I was accosted yesterday by someone on my regular pedalling route. Annoyingly someone else had mentioned I happen to have a degree in law. Naturally he was looking for free legal advice. I do not give free legal advice. I am not a lawyer. No, I am not a lawyer. Having a degree in law does not qualify me to hand out legal advice, especially while sitting on my tricycle on the footpath.
This man had obtained one of those "free will kits" from somewhere. His wife has, according to him, been nagging him for some time now about writing a will. As he is probably in his late 60's this would seem an even better idea now than it would have been when he married her forty something years ago.
There is something about writing a will which seems to bother many people. I suspect it is a sort of superstitious thing. The vast majority of us do not like to think about dying.
Succession Law was one of the more interesting compulsory subjects in Law School. People have done some strange things, some nice things, some nasty things and some downright cruel things with respect to their worldly possessions. Yes, people really do will everything they own to a dog or a cat instead of their relatives.
Sometimes people unintentionally do what they did not intend to do. More than one wife has found herself homeless when an estate has been left to children in the belief that they will "do the right thing" by their mother.

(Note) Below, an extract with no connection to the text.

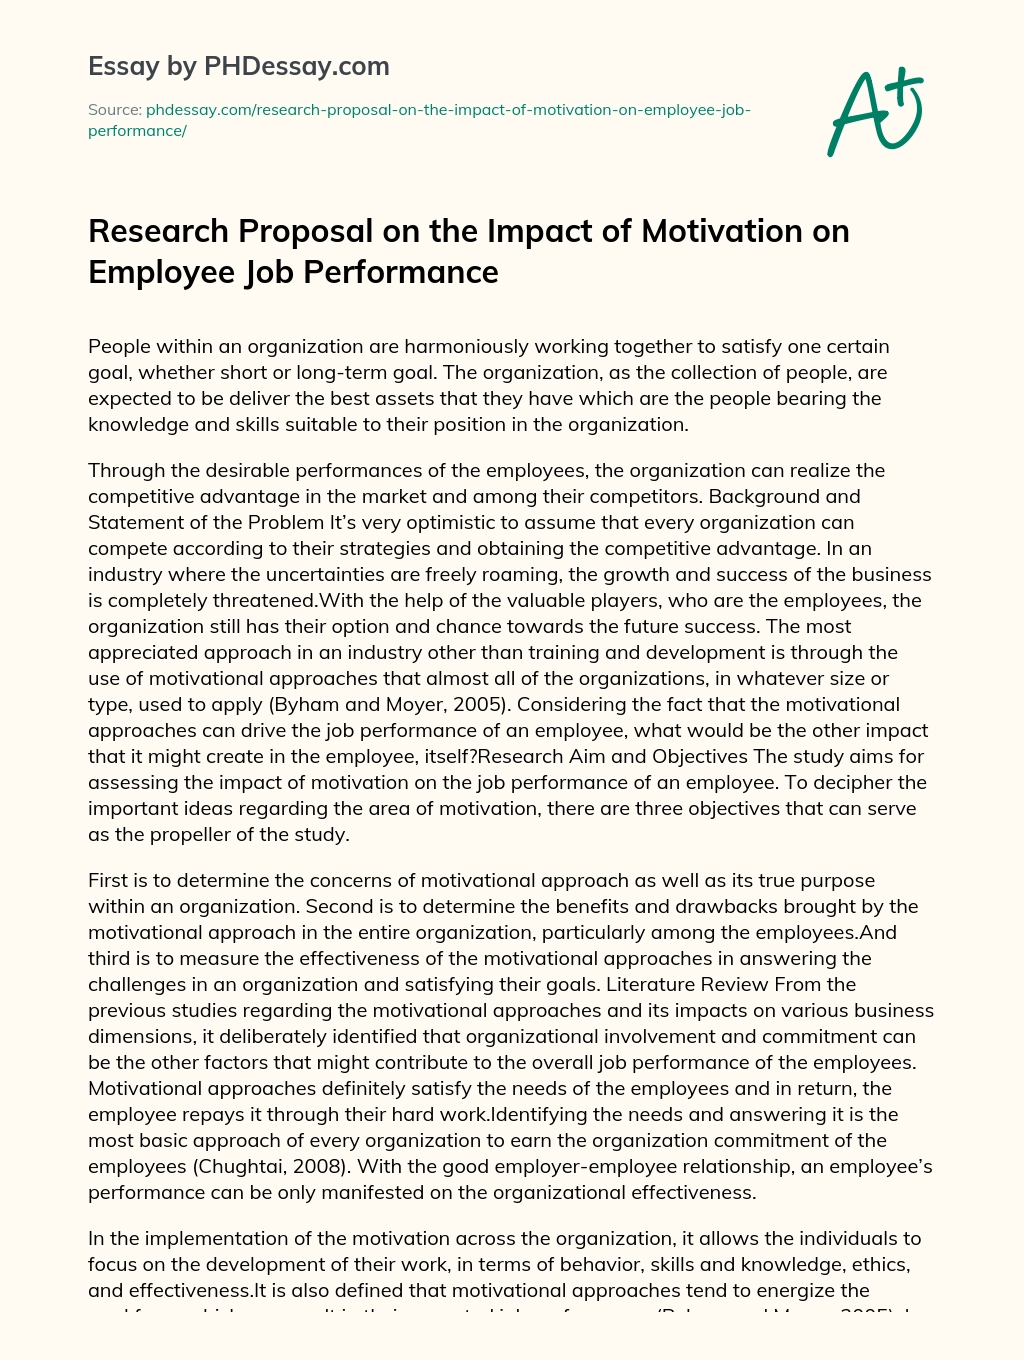 Research Proposal on the Impact of Motivation on Employee Job Performance essay

Even getting proper legal advice will not necessarily result in an estate being divided the way it was intended to be divided. Leaving someone out, giving someone less (or more), even giving equal shares when there are clearly different needs can all cause difficulties when people choose to challenge a will - and they will. It is often a nasty business. However it is often a much nastier business without a properly drawn up will.
My father, in his emotional state after my mother's death lost the original of her will before probate was granted. He accidentally left it in the photocopier at the library and nobody had the good sense or courtesy to hand it in. He had the copies he had made that day. My mother's will left everything to him if she pre-deceased him. It was very simple. There were no arguments. Her intentions were also well known. A solicitor had drawn it up and also had a copy. We sorted the situation with far less difficulty than there might have been. My father tells it as a warning story to other people.
The man who accosted me clearly thought he was leaving nothing at all to chance. His attempt to write a will went on for pages. Every item he owned had been individually listed and, next to it, the name of the intended recipient. He had listed each book, each tool, each golf club and each fishing rod. Every item that is but one. He had not mentioned the house. I happen to know the house is not in joint names. It is his house - and he had simply failed to mention the house at all. I broke my rule and gave him some legal advice, "Consult a solicitor."